Наконец Дорожинский сказал: «Ухожу». Затем, уже на лестнице, попросил стакан воды. Аида достала «Нарзан», и Эдик, стоя, выпил целую бутылку…
— Ушел, — сказала Лида, — наконец-то. Мне ужасно хотелось побыть с тобой наедине. Знаешь, что я ценю в наших отношениях? С тобой я могу помолчать. С остальными мужчинами все по-другому. Я знаю — от меня чего-то ждут. И если угощают, например, шампанским, то это ко многому обязывает. А с тобой я об этом не думаю. Просто хочу лежать рядом и все…
— Хорошенькое дело, — сказал я.
— Глупый, — рассердилась Лида, — ты просто не в состоянии оценить…
С Лидой у меня все это продолжалось год или чуть больше.
Работала она бортпроводницей. К своей работе относилась чрезвычайно добросовестно. Работа для нее была важней любви.
В этом смысле Лида напоминала актрису или балерину. Будущее для нее определялось работой. Именно работой, а не семьей.
Иногда ей приходилось летать двенадцать часов в сутки. Она смертельно уставала. Вернувшись, могла думать только о развлечениях.
Как выяснилось позже, она меня не любила. Но я звонил ей каждый день. Лишал ее возможности увлечься кем-нибудь другим.
Лида была привлекательна, этого требовала работа стюардессы. В ее привлекательности был какой-то служебный оттенок. Высокая и стройная, Лида умело пользовалась косметикой. Она следила за ногтями и прической. Случись пожар — она не вышла бы из дома в штопаных чулках.
Голос у нее был одновременно ласковый и требовательный. Лицо не казалось глупым, даже когда она танцевала или вертелась перед зеркалом.
Как-то раз я ждал ее ночью в аэропорту. Сначала через узкий турникет высыпали пассажиры. Затем я ждал еще минут пятнадцать. И наконец увидел Лиду. Она шла рядом с тремя пилотами. Она была в изящном форменном пальто и сапожках. На пилотах были теплые куртки. Все они казались усталыми и молчали, четыре товарища после нелегкой работы…
Лиде, как я понимаю, было тоскливо со мной. Достоинства, которыми я обладал, ей не импонировали. Например, я был эрудитом. Вот и сейчас у меня был наготове подходящий афоризм Шопенгауэра. Что-то о равновесии духовных и плотских начал.

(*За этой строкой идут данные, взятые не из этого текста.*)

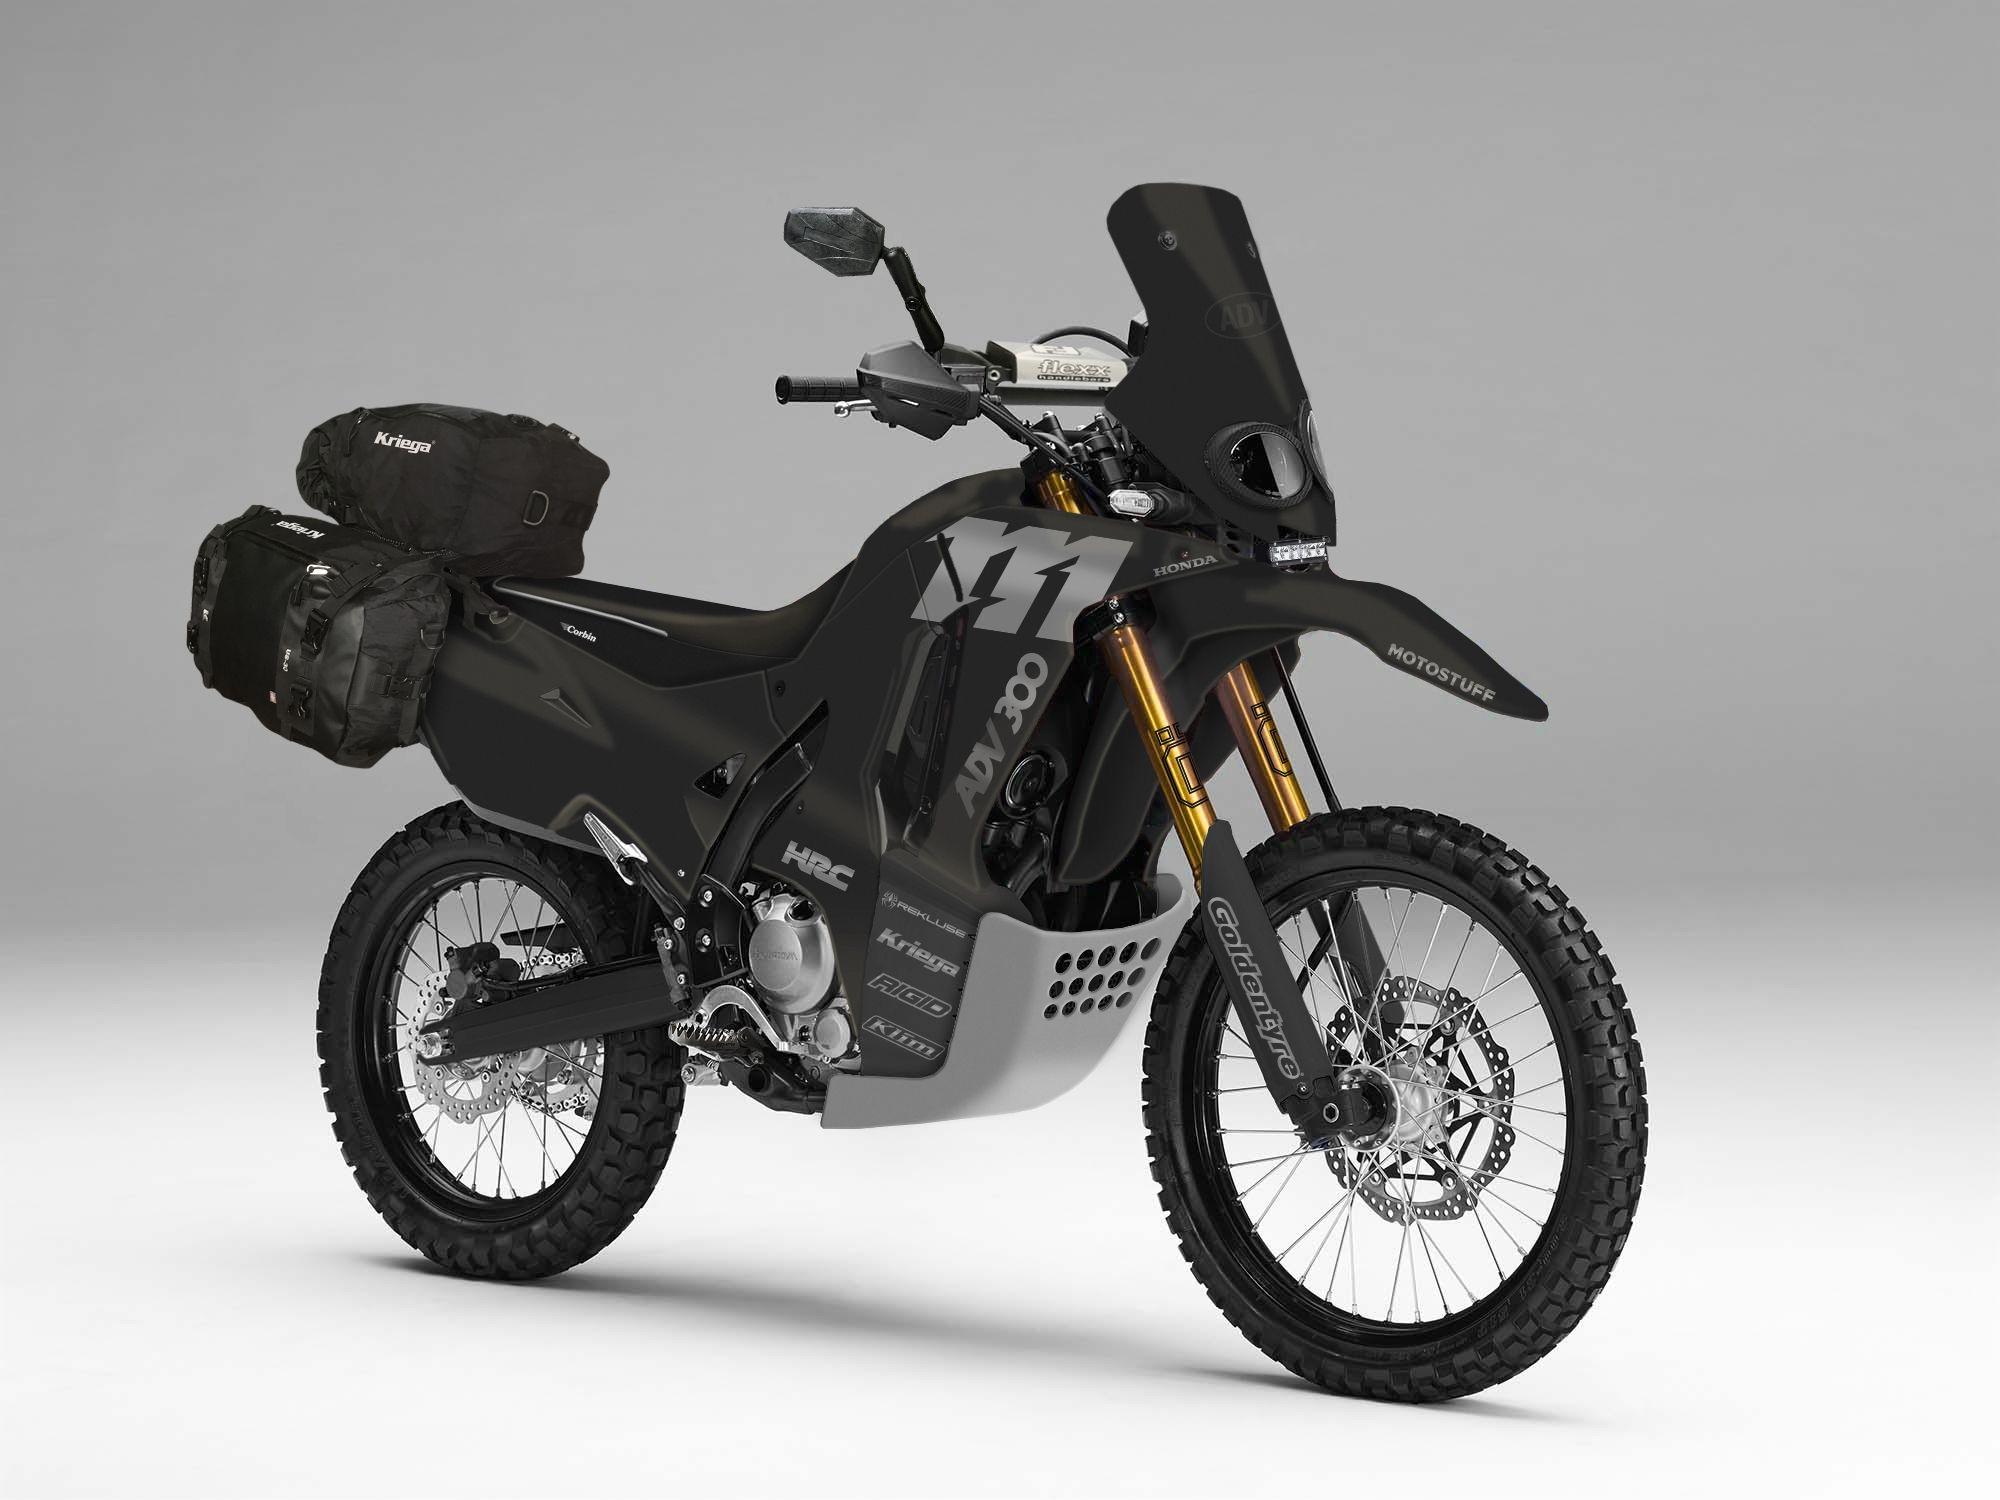 Honda Crf250l Rally Adv Black Honda Motorcycle

Но Лида шепнула: «Я поставлю чайник». И ушла на кухню.
Я не зря так много говорю об этой женщине. Правда, не она — центральная героиня рассказа. Однако все произошло у нее дома. И к тому же она мне все еще нравится.

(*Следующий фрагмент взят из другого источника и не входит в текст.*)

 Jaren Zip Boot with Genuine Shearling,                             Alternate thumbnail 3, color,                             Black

Около часа ночи раздался телефонный звонок. Лида прибежала из кухни, схватила трубку.
— Тошка! — закричала она. — Радость ты моя! Откуда? На съемках? Ну конечно, приезжай. Какой может быть разговор?! Едешь до Будапештской, шестнадцать, квартира-тридцать один… Все, жду!..
Я сказал:
— Это что же, выметаться мне, или как?
— Зачем? — сказала Лида. — Тошку мы уложим на кухне. Она же понимает…
— Я думал, Тошка — это он.
— Что значит — он?
— Например, Тошка Чехов.
— Тошка — актриса. Работает на Малой Бронной. Снимается в кино. Помнишь «Мужской разговор», «Назову тебя Юркой»?.. Она играет женщину, которая падает на рельсы.
— Не помню, — сказал я.
— Она в купе с Джигарханяном едет.
— Не помню.
— Картина Одесской студии. «Назову тебя Юркой». Может, ты и фильма не видел?
— Нет, — сказал я…
Через полчаса телефон зазвонил снова.
— Господи, — кричала Лида, — до чего же ты бестолковая! Если автобусом, то до Будапештской. А в такси — до проспекта Славы, шестнадцать…
— Роскошная дама, — засмеялась Лида, — такси ей подавай…
Антонина Георгиевна мне сразу не понравилась.